> [WHAT YOU SHOULD DO]:
Leaving out all pictures, restate word for word the lines from the one with "Mandala Wallpaper Indian" through the last line of the entries.

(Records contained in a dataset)
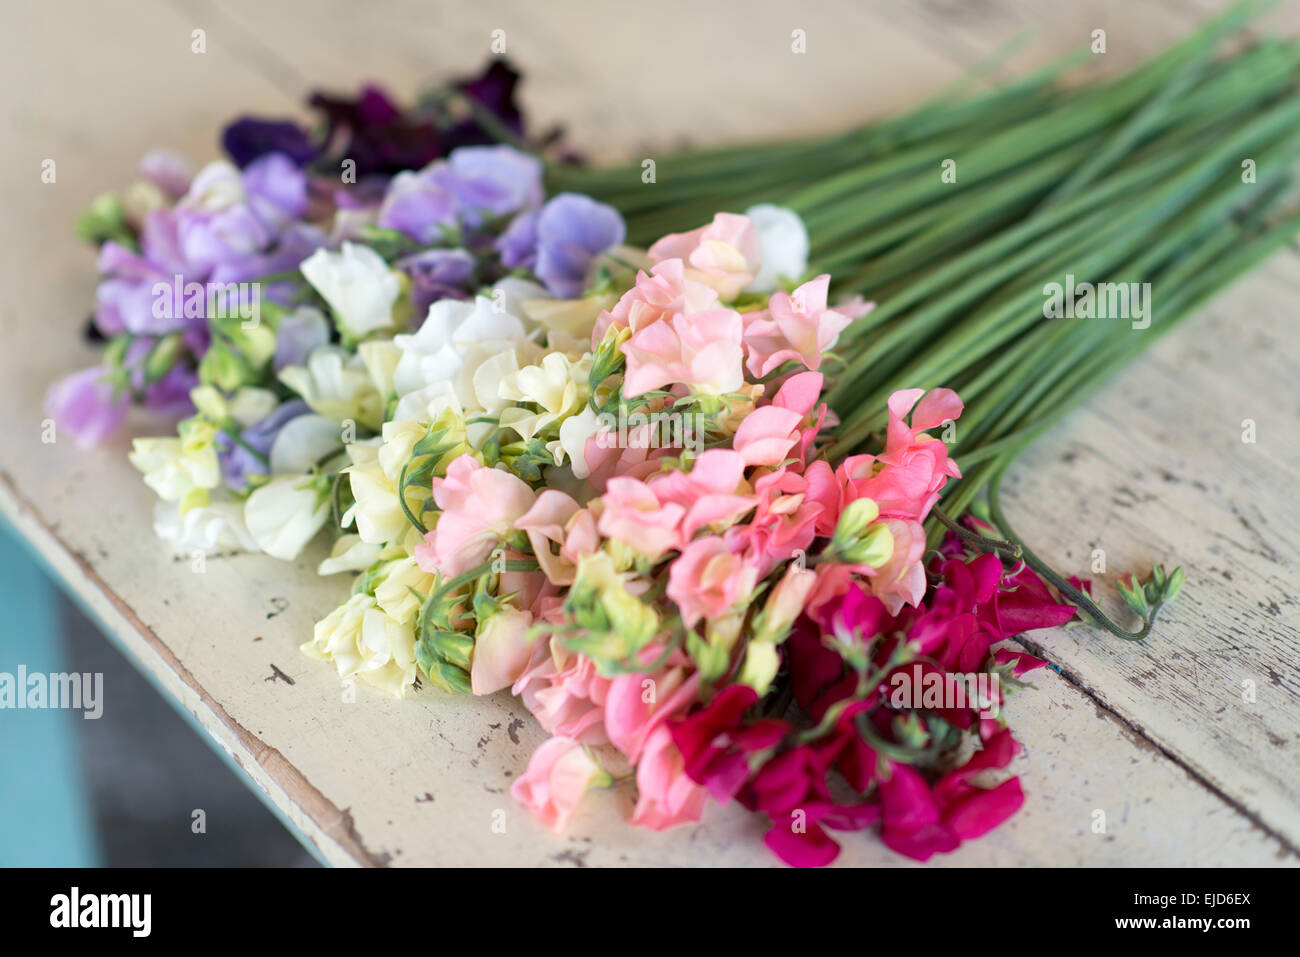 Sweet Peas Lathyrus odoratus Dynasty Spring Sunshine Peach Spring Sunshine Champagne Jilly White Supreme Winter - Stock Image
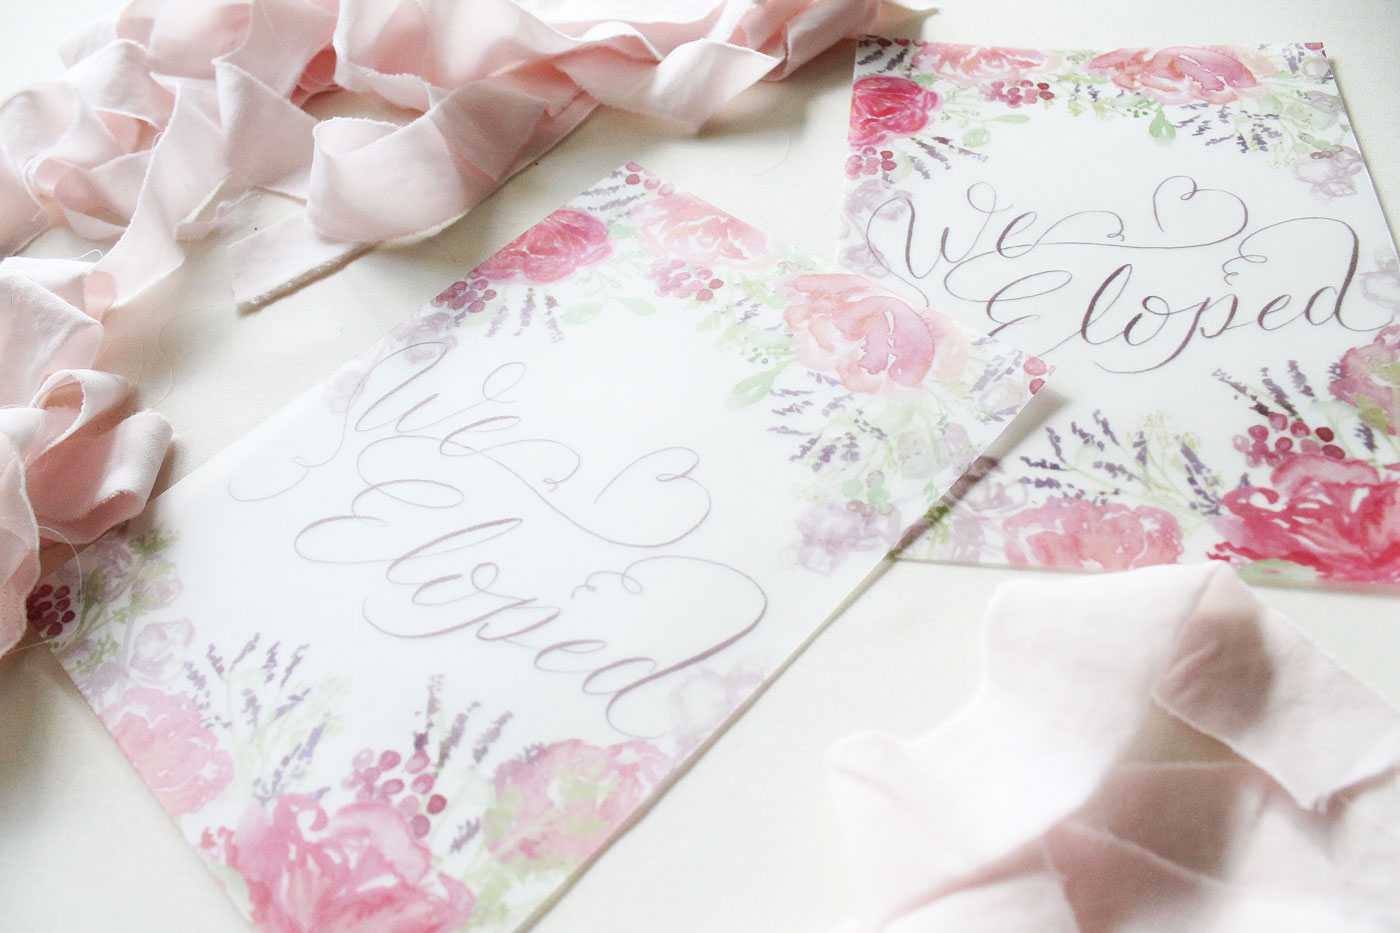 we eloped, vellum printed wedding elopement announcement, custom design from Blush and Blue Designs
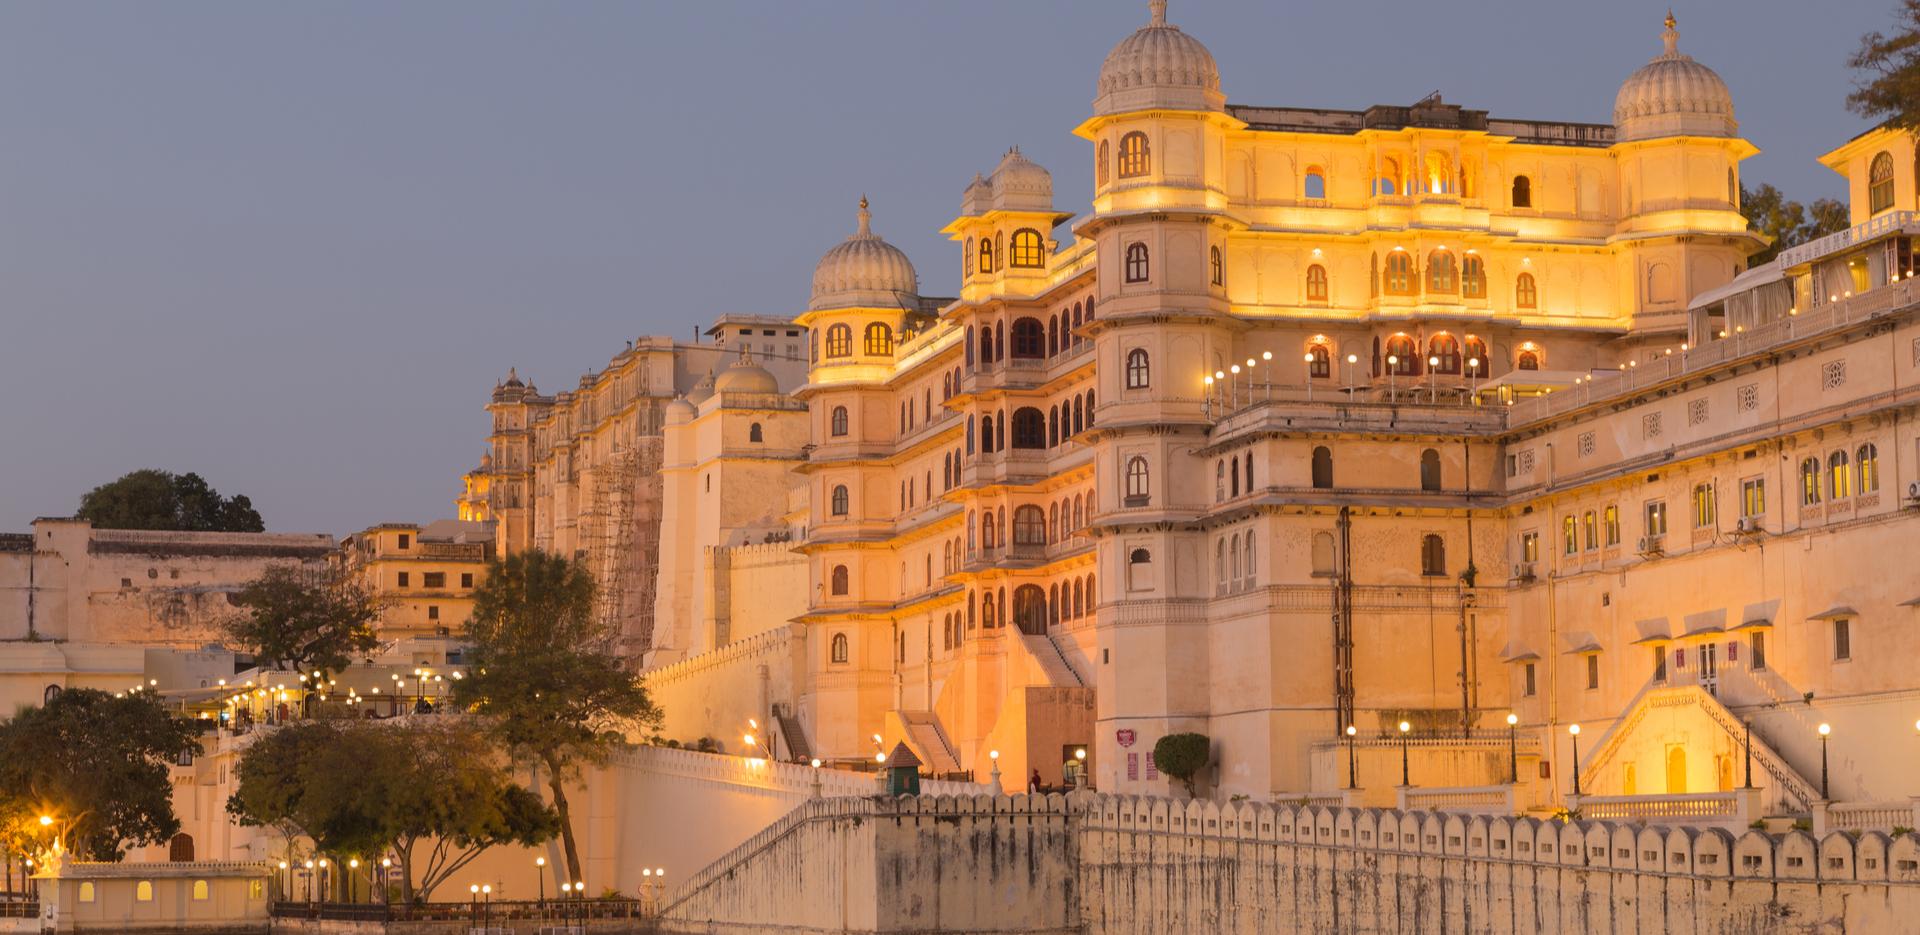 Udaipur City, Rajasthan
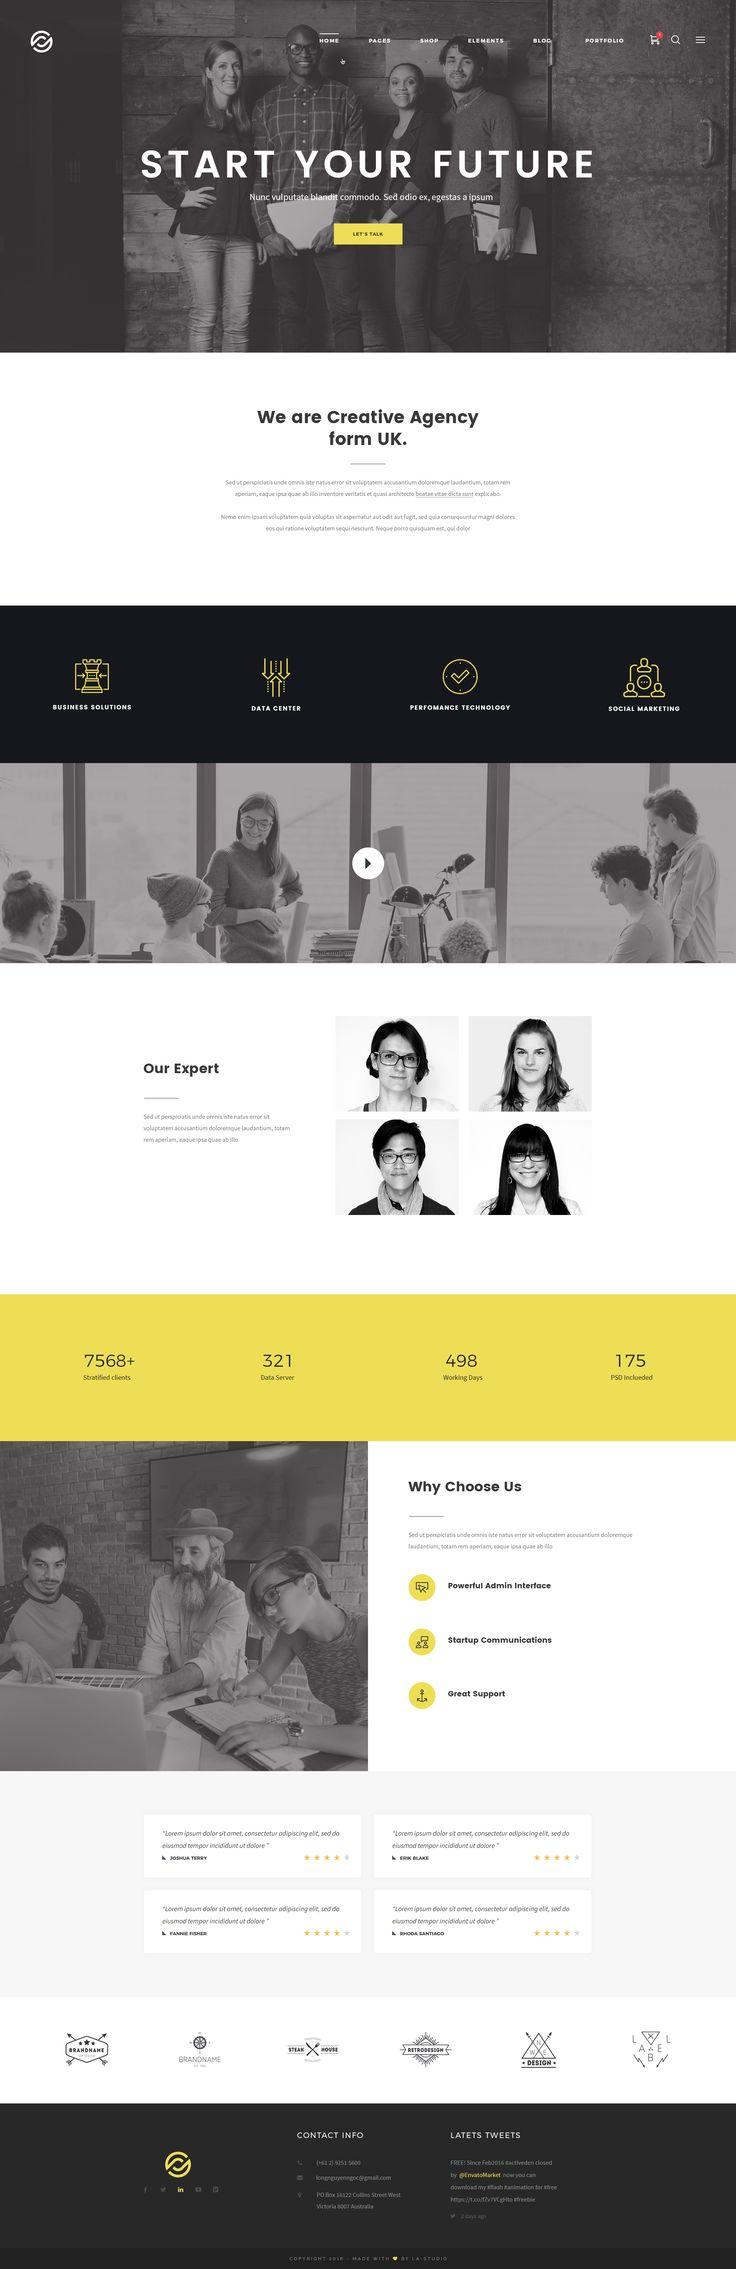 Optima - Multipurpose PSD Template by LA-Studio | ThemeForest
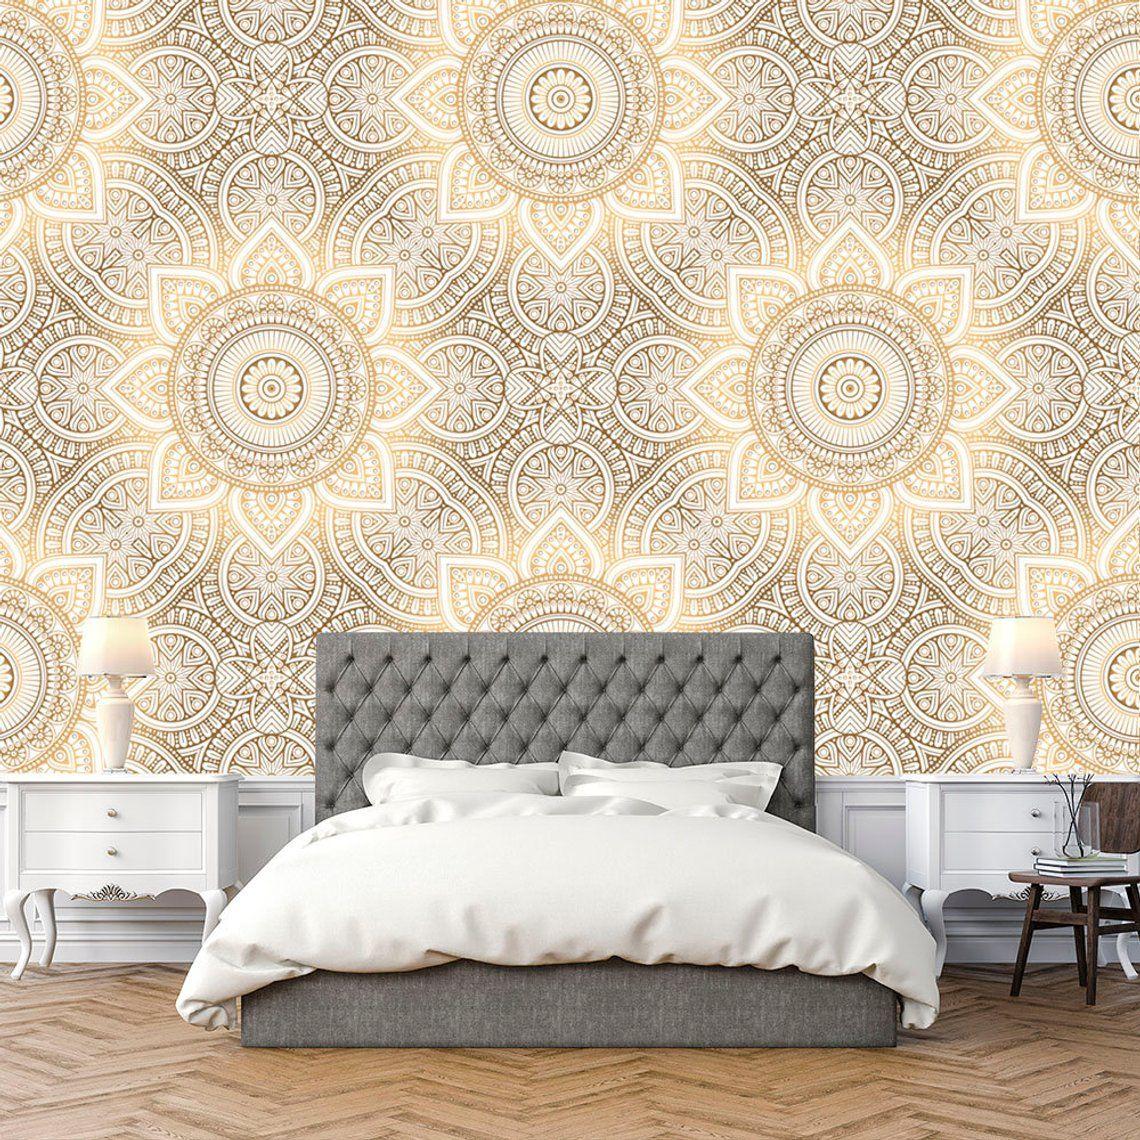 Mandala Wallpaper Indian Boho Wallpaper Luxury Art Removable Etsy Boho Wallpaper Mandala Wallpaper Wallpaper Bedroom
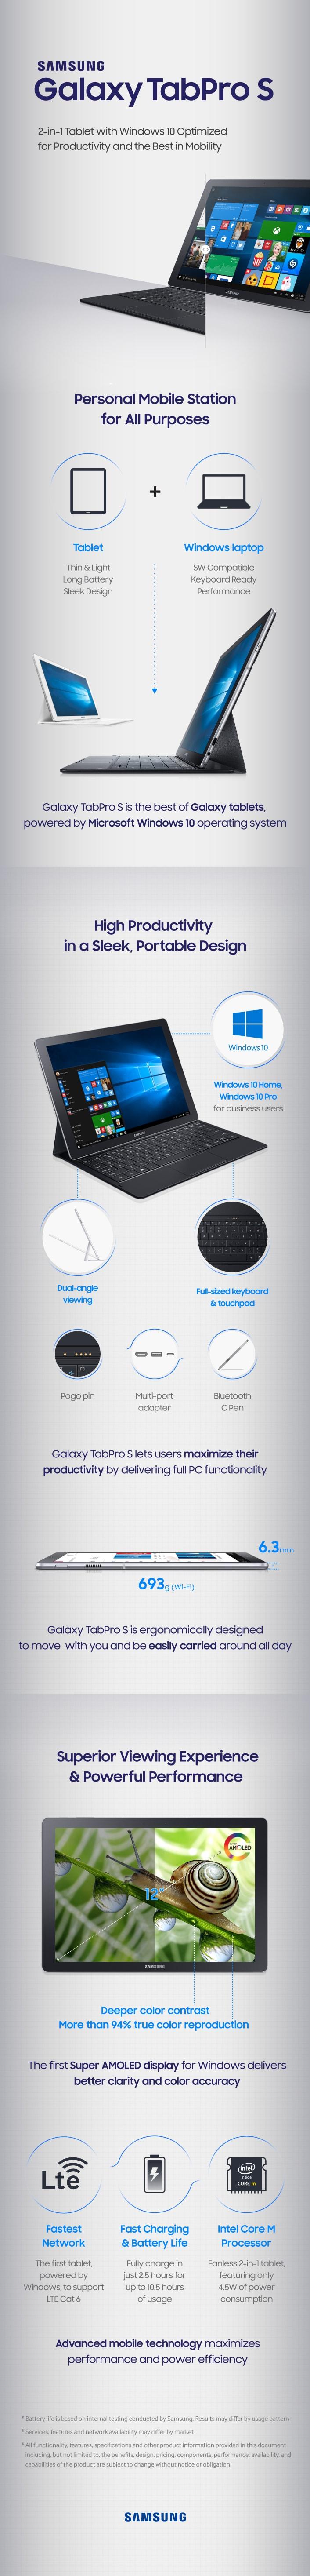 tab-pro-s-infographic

> [FINISHED EXERCISE]:
 Mandala Wallpaper Indian Boho Wallpaper Luxury Art Removable Etsy Boho Wallpaper Mandala Wallpaper Wallpaper Bedroom
 tab-pro-s-infographic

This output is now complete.